September 18. 2017 8:53PM




LONDONDERRY — The wording of a Londonderry High School pep rally letter to students turned into an online hullabaloo about the American flag.

A memo to seniors for Friday’s Mack Plaque/fall pep rally included instructions not to wear, carry or present the American flag. On Monday, the district said the intention was not to ban the flag.

“We had kids in years past who would wear the flag around their shoulders like a cape; they’d wave it and then they’d be done and put it on the floor,” said Scott Laliberte, superintendent of the Londonderry School District. “We have some staff members who are veterans and they are offended by it, and they called the kids on it.”

In multiple social media posts, some interpreted the letter as keeping students from celebrating the American flag. Others blasted the district for political correctness for attempting to make sure no one in the audience felt “uncomfortable,” as stated in the original protocol memo.

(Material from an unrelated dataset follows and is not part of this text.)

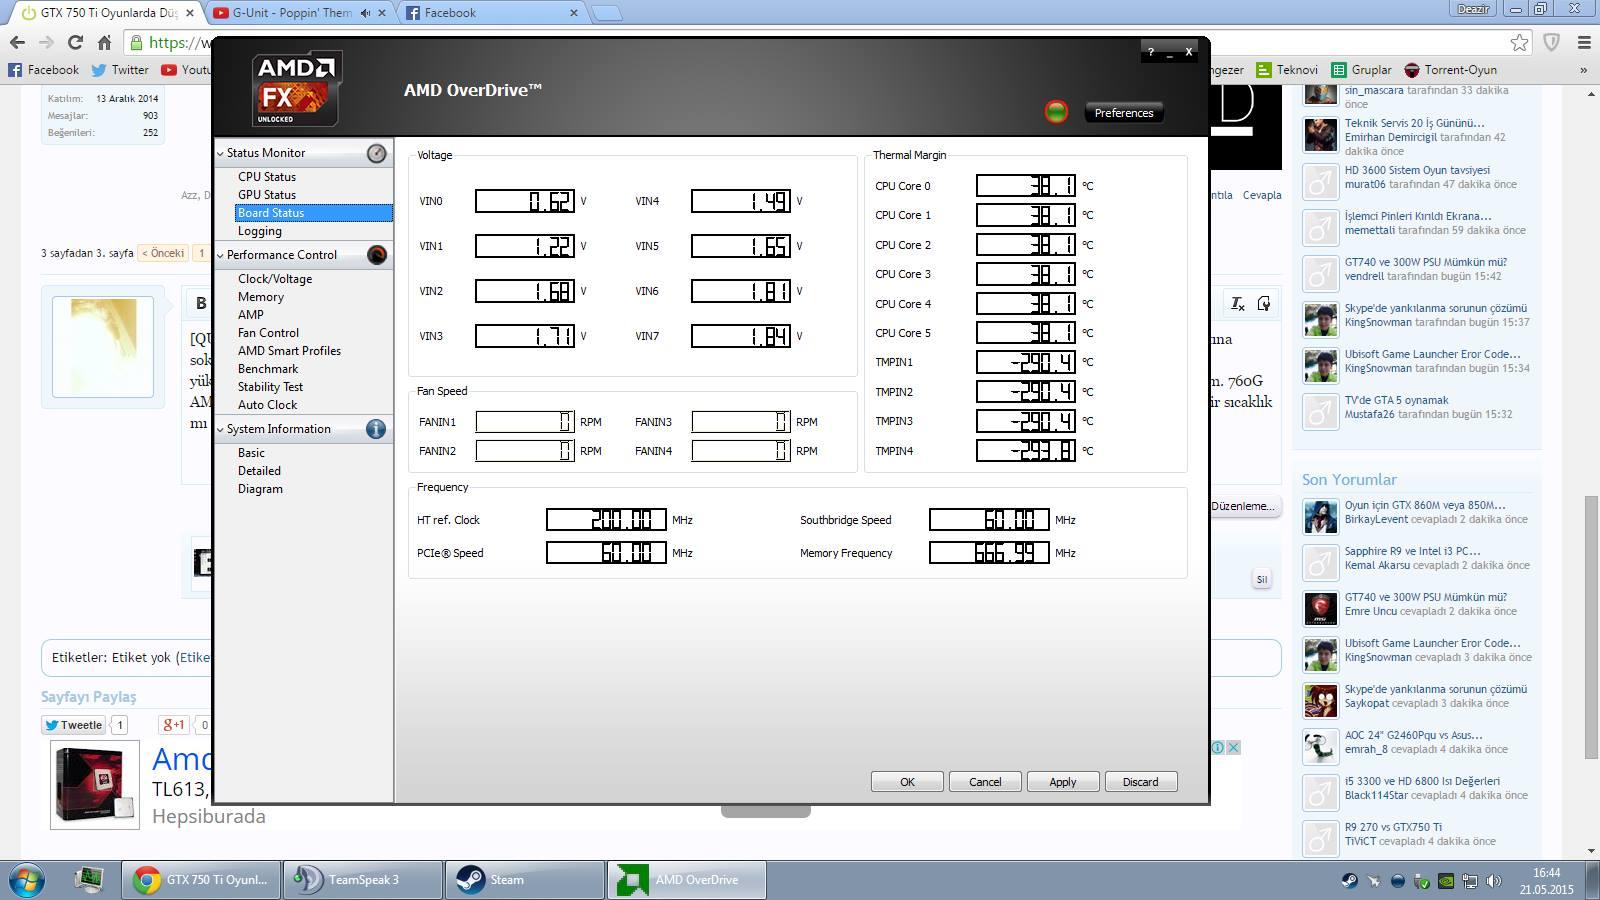 AMD OverDrive Fan Ayarları - Technopat Sosyal

Also included in the protocol list was no undressing or derogatory statements about opponents. Any athlete in violation would be reported to a coach, according to the memo.

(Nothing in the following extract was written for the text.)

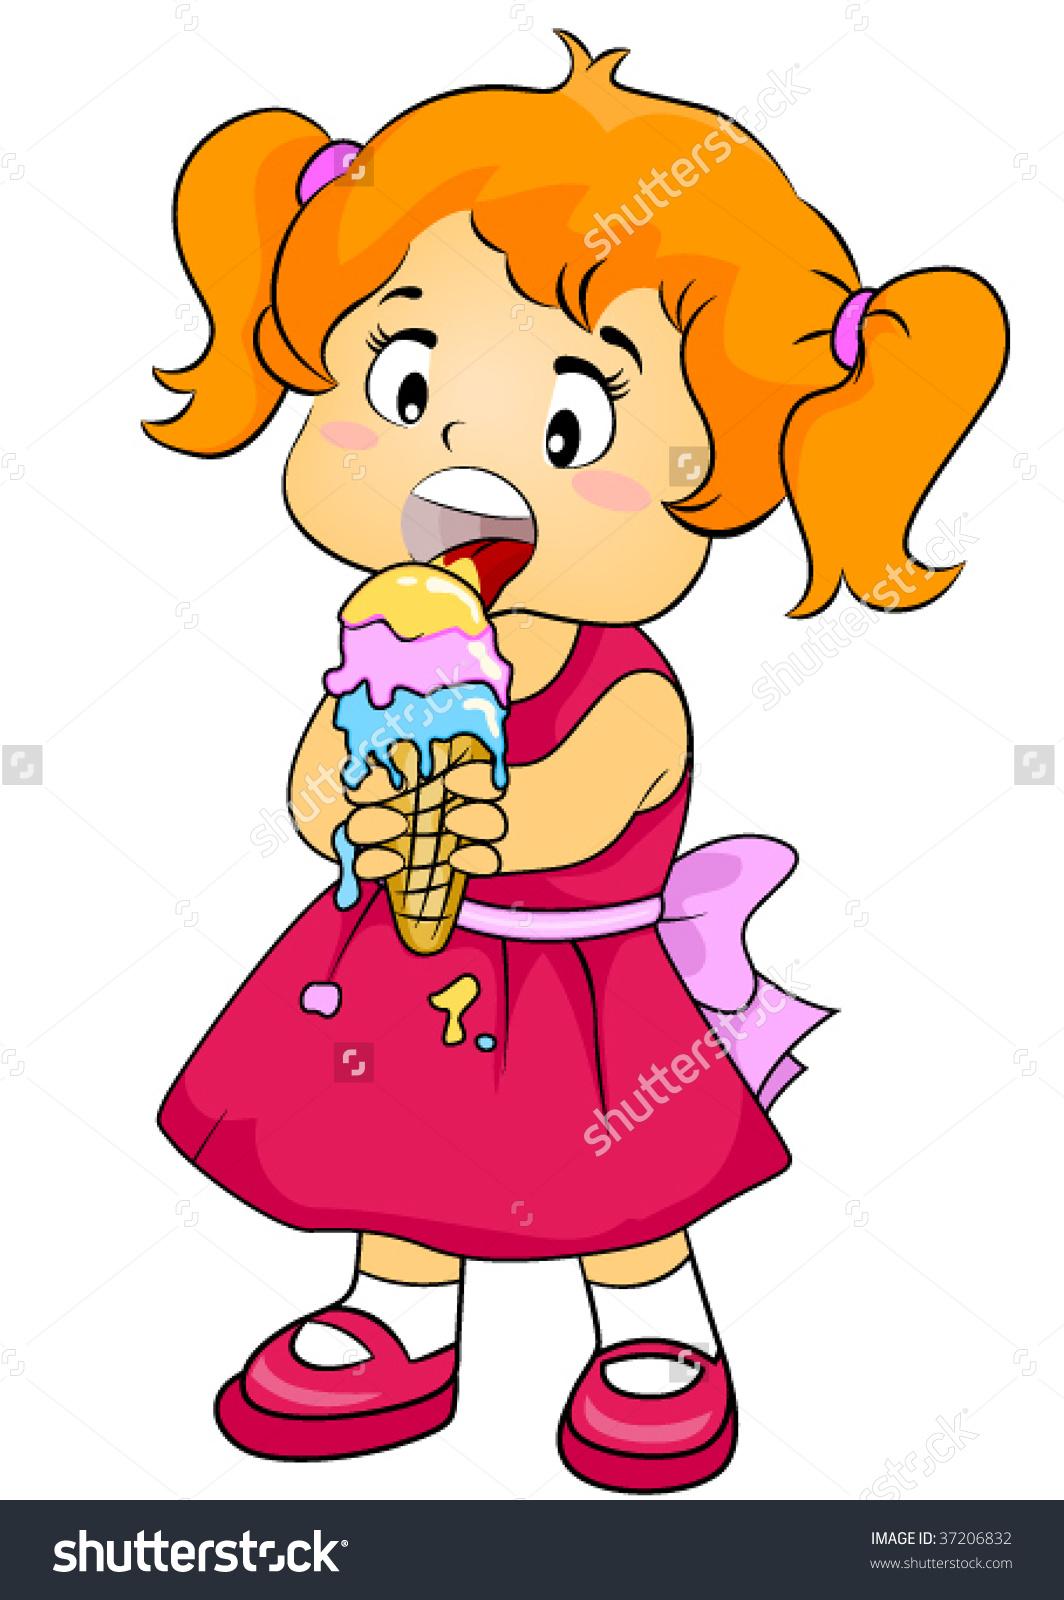 Child eating ice cream clipart.

Follow-up attempts by the district to clarify were criticized as damage control, with one commenter on a conservative blog calling for “armed patriots” to descend on Londonderry and “occupy the buildings.”

Laliberte said Monday the language in the memo “could have been phrased better.”

Al Baldasaro, a state representative from Londonderry who has posted regularly about proper flag etiquette, said the staff could have done a better job educating students about respect for the flag, instead of giving the impression they were banning it.

“In ordinance with the U.S. flag code, which New Hampshire has adopted, they shouldn’t have the flags on the floor, so you would think the coaches would be patriotic enough to correct that,” he said.

Laliberte said school officials remedied the misunderstanding by sending an updated email to parents and staff about the “inadvertent disrespect.” The display of the flag and the singing of the National Anthem are both included in the pep rally program.

He said the district is now trying to make this a teachable moment for students. He said that any student wishing to use a flag, as articulated in the code, will be able to do so at the rally.

“If a kid comes in and says ‘I want to display the flag and I’m going to do so appropriately,’ then they can do it,” Laliberte said. “The American Legion Flag Code — if they’re going to follow it, go for it.”

High school students on Monday largely said they were unaware of the controversy. Those who spoke about the issue called it a misunderstanding.

“I don’t think anyone was trying to, like, be disrespectful,” said one Londonderry High School senior who declined to give her name. “If there were kids mishandling the flag, then we should look at fixing that.”

Sophomore Aidan Barrett said he doesn’t even remember flags being at pep rallies in the past year.

“I’ve never really seen too many students bring American flags at pep rallies, so I don’t think it has a huge effect on the students,” he said, adding the whole decision is “a little strange.”

“I guess it’s fun, and people can bring them now if they want to,” he said.